I knew from what I’ve read that fungi played a role in orchid germination. In that situation the orchid seeds, which lack nutrients of their own, depend on the fungus to supply them with what they need to germinate. I didn’t know that adult orchids also partner with fungi. And I’ve never had the opportunity to observe this in nature. Until today.
My friend Calvin gave me a big mount of Encyclia tampensis. The orchid had been growing on a dead oak branch, which now might be why it started to fail. Oak is good. But the orchids want live wood. The reasons are not clear to me, nor can I imagine how the orchid “knows” it’s on something dead. But nothing these creatures do comes as a surprise.
OK. Lunch at Calvin’s. Big bag with big bunch of orchids and dead wood. Next morning I went to work. The orchid hadn’t been thriving, at least recently, but it occupied a large area of the wood. Enough I’d say for several jumbo handfuls, if you could measure orchids that way. Because it was a big colony I decided to separate it however it would come apart and do a little experiment to see how the different clumps would grow in different parts of the garden. By the way Calvin came over about a week later and did a quick inspection. I think he was satisfied.
The clumps didn’t look too healthy but they weren’t dead. Some good pseudobulbs and stiff leaves and a lot of roots. They went up into the trees on a cold damp week and even as it has warmed up the mornings are foggy and dew is everywhere. So my daily misting is more a “want” than a “need” for the new orchids.
Today I went up close and saw roots on one clump that looked like typical mycorrhizal roots in terrestrial plants. The root tips were blunt, the roots themselves stubby and thicker than neighboring roots. Some were blackish, some whitish, but notably, none of them had the green scum you usually see on older roots.
If these we’re mycorrhizae it’s possible that the fungus was fending off or even digesting whatever green stuff (algae or photosynthetic bacteria) might have landed on the root. And perhaps transferred some of those nutrients to the plant.

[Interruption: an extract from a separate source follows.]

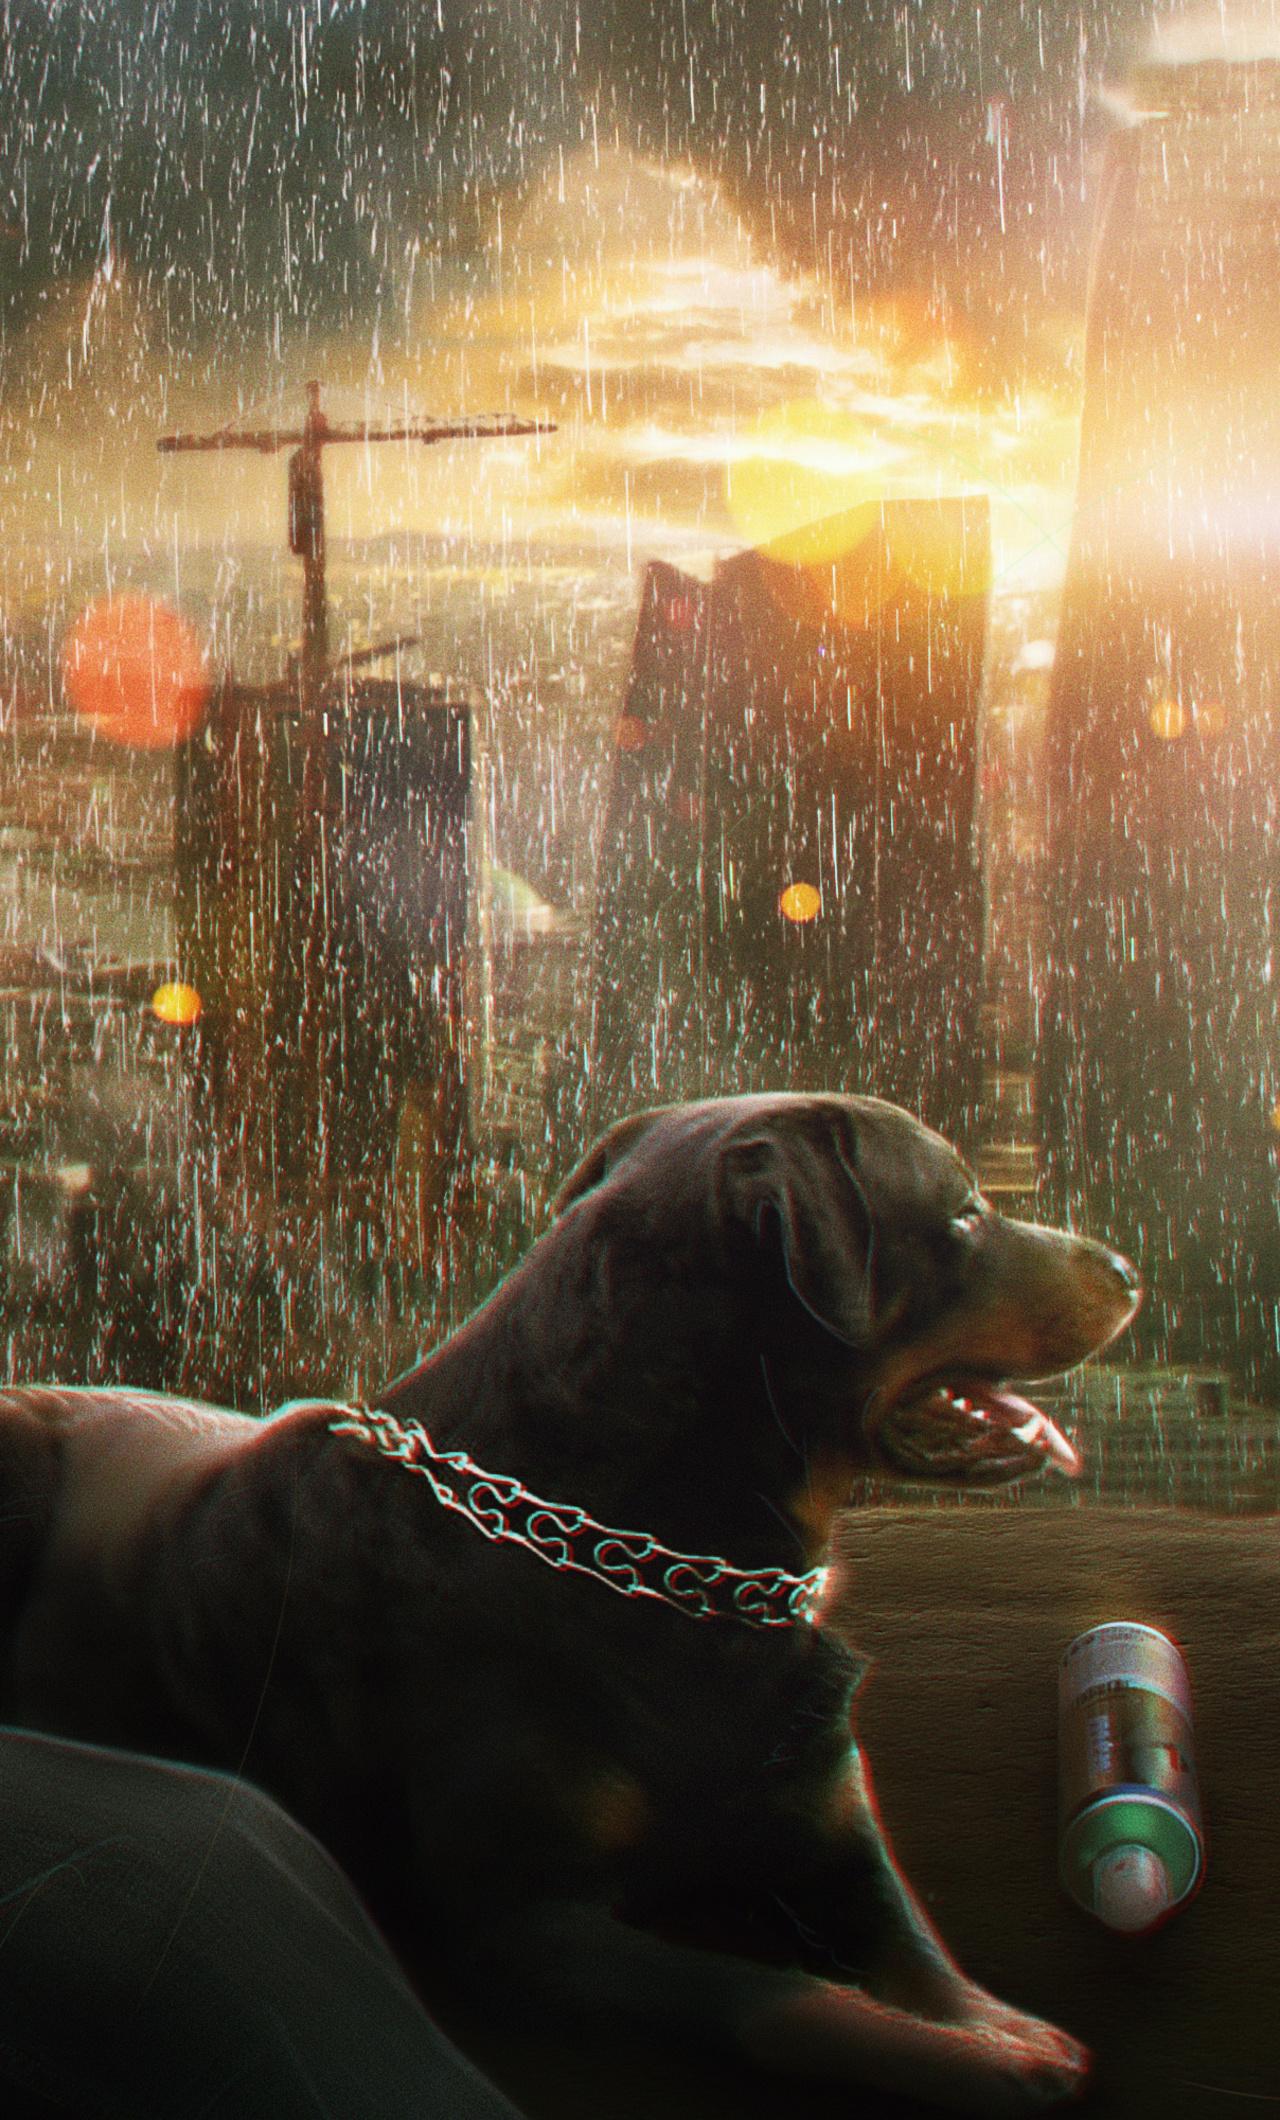 rainy-mood-dog-boy-photo-manipulation-sk.jpg
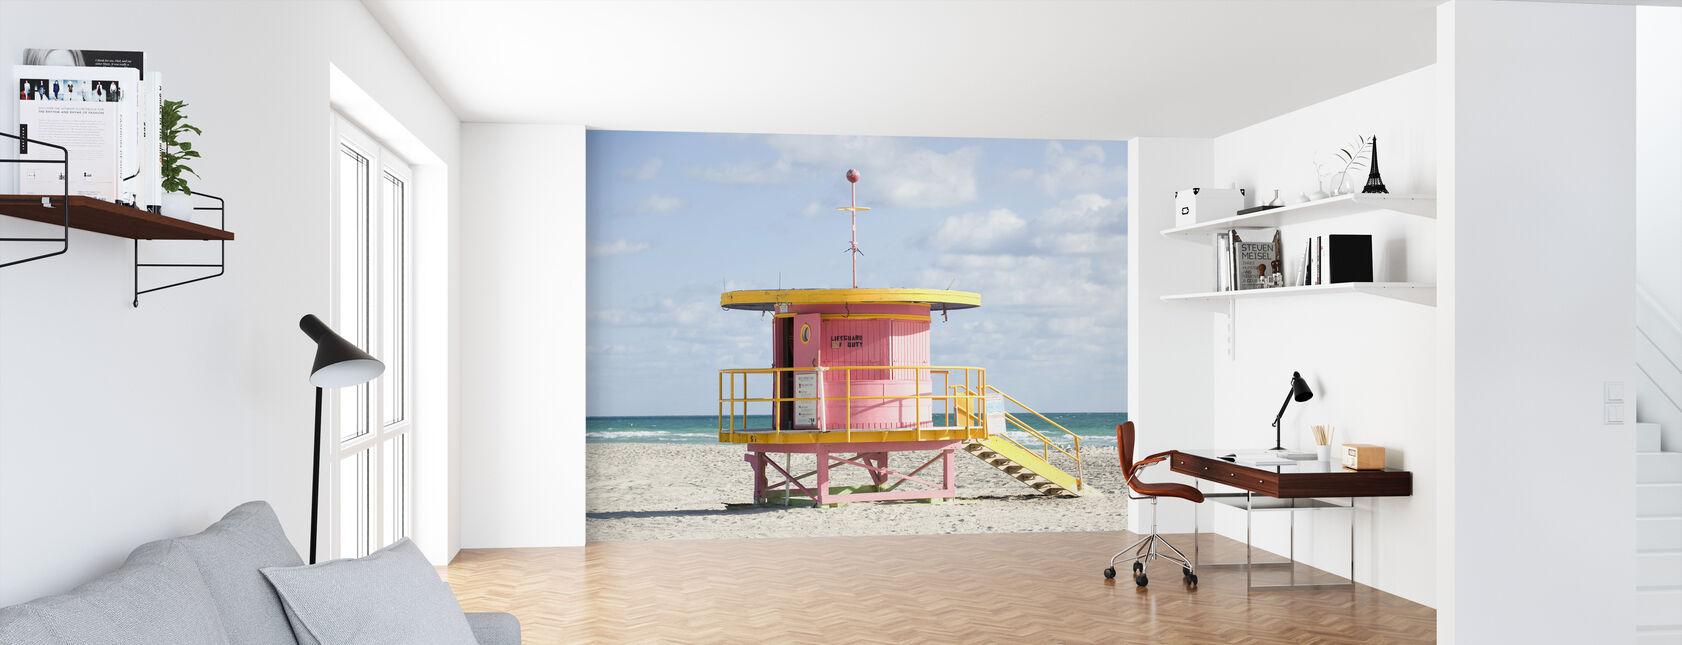 Rettungsschwimmer Tower in Miami, USA - Tapete - Büro

Mycorrhizal fungi provide extra nutrients for their plant hosts. Usually the nutrients are transferred from the soil to the plant via the fungus. But what about in a situation where the plant roots are not in the soil, like orchids? The fungus must be making micronutrients available to the orchid in exchange for carbohydrates the orchid produces during photosynthesis. It makes sense that both organisms benefit from this partnership.
Mycorrhizal fungi in the soil go a step further and improve the delivery of water to their hosts’ roots. Partly this is strictly mechanical. The fungal cells (hyphae) are thinner and have more surface area than the plant roots. This way they can penetrate the soil more effectively than the plants or simply penetrate tinier spaces where water molecules are hiding.
What about in epiphytes? The crowning observation I made, the thing that got me really excited, was that fungal-covered roots retained water for longer. A lasting drop of water developed at the tip of every root infected with fungi. It stuck around longer than the water on uninfected root tips. Again, possibly a mechanical explanation. More (fungal) surface area, more water adhesion and cohesion at work.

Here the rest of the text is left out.